Big C achieved 4.1 per cent sales growth in the first six month of the year and profit was up a strong 11.9 per cent. Same-store sales growth was 4.8 per cent, which the company credits to the revival of tourism, the hotter summer weather that drove sales of weather-related goods, and a strong Songkran festival. (Songkran is the Thai new year during which everyone is on the move and partying, and, thanks to its famous water festival, sodden.)
In reality though, the retail business same-store sales picture isn’t quite as cheery as it looks, given that they are still, after two full years, nowhere near back from the crushing depths of the approximately 20 per cent decline suffered in the first half of 2021.
Big C, like Lotus’s, operates small shopping centres (they would likely be called community shopping centres in America, sub-regionals in Australia) anchored by their own hypermarkets. Rental income from this source was up by 5.8 per cent in the first half.
The Big C store network now includes 154 hypermarkets, 46 supermarkets, and 1,471 Big C Mini stores that duke it out with Tesco’s mini-supermarkets and the ubiquitous 7-Eleven chain, among others.

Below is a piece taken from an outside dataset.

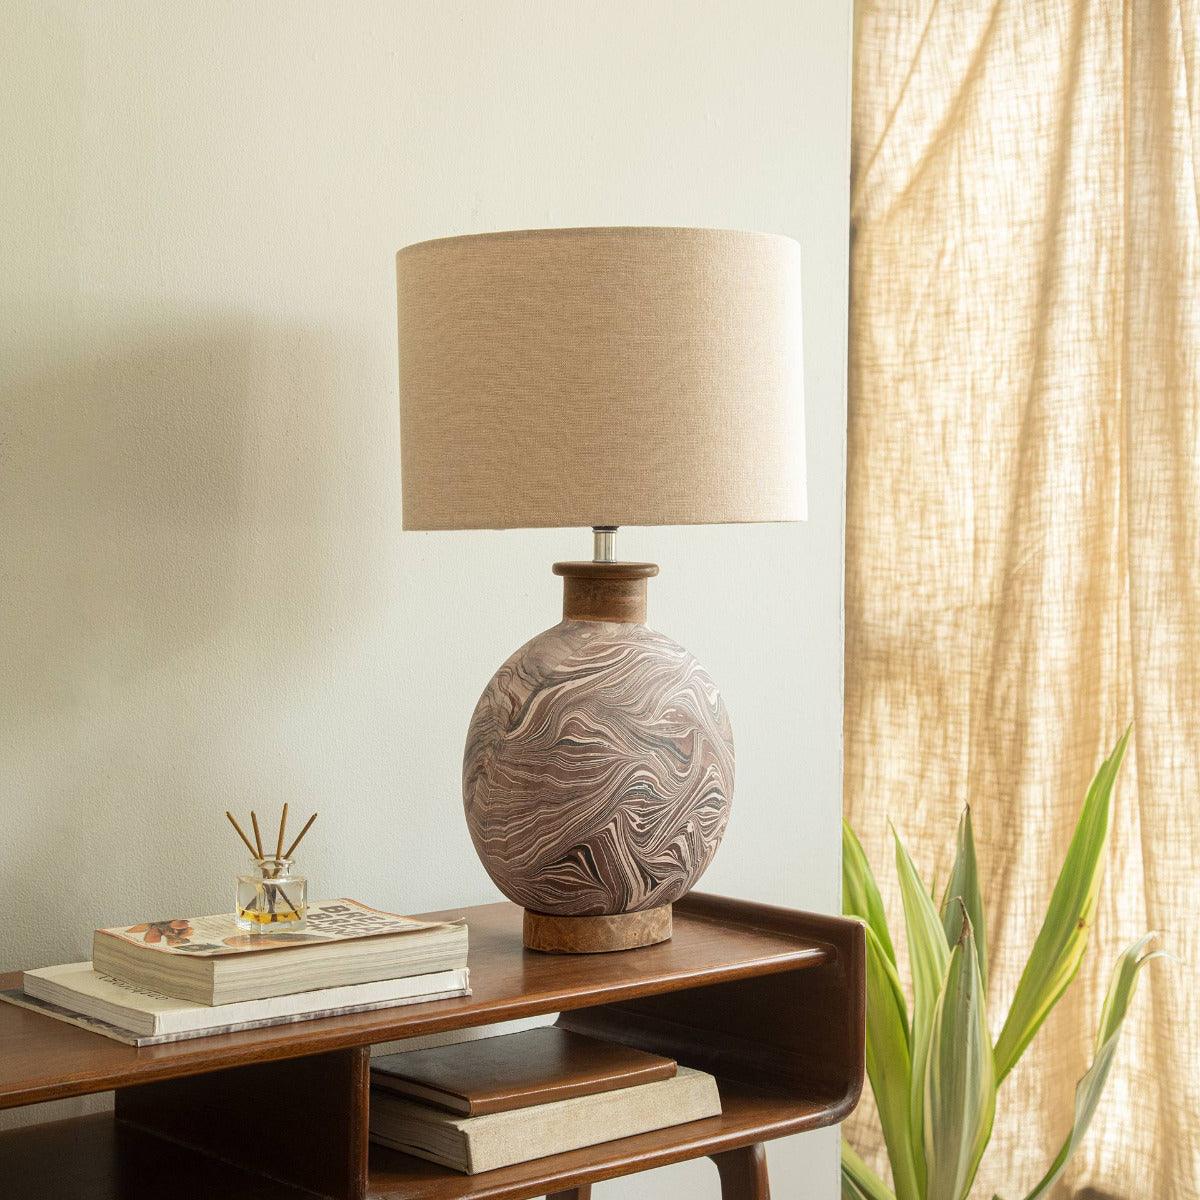 Gaiyo Table Lamp with Shade

These are big store numbers and a major challenge for Big C is that an uncomfortably large part of the network is looking frumpy, leading the company to embark on a much-needed renovation program that is expected to last for about 18 months.
With its IPO now underway and the prospect of going public in the next few months, some of the capital it generates will be helpful in upgrading the stores.
The second half might be stronger than the first
Last year, Thailand had an absolute shocker of a rainy season, resulting in flooding — sometimes catastrophic — in 25 of the country’s 76 provinces. Destruction of property and infrastructure was widespread and normal business was halted at various times and for varying durations.
This year, assuming that a semblance of normality returns to the weather in the second half of the year, retailers might be able to enjoy the benefit of slightly easier sales comparisons. This, coupled with what the industry hopes will be a continued recovery in tourism, should make for strong second-half results. But fingers are crossed because with the monsoon, you never know.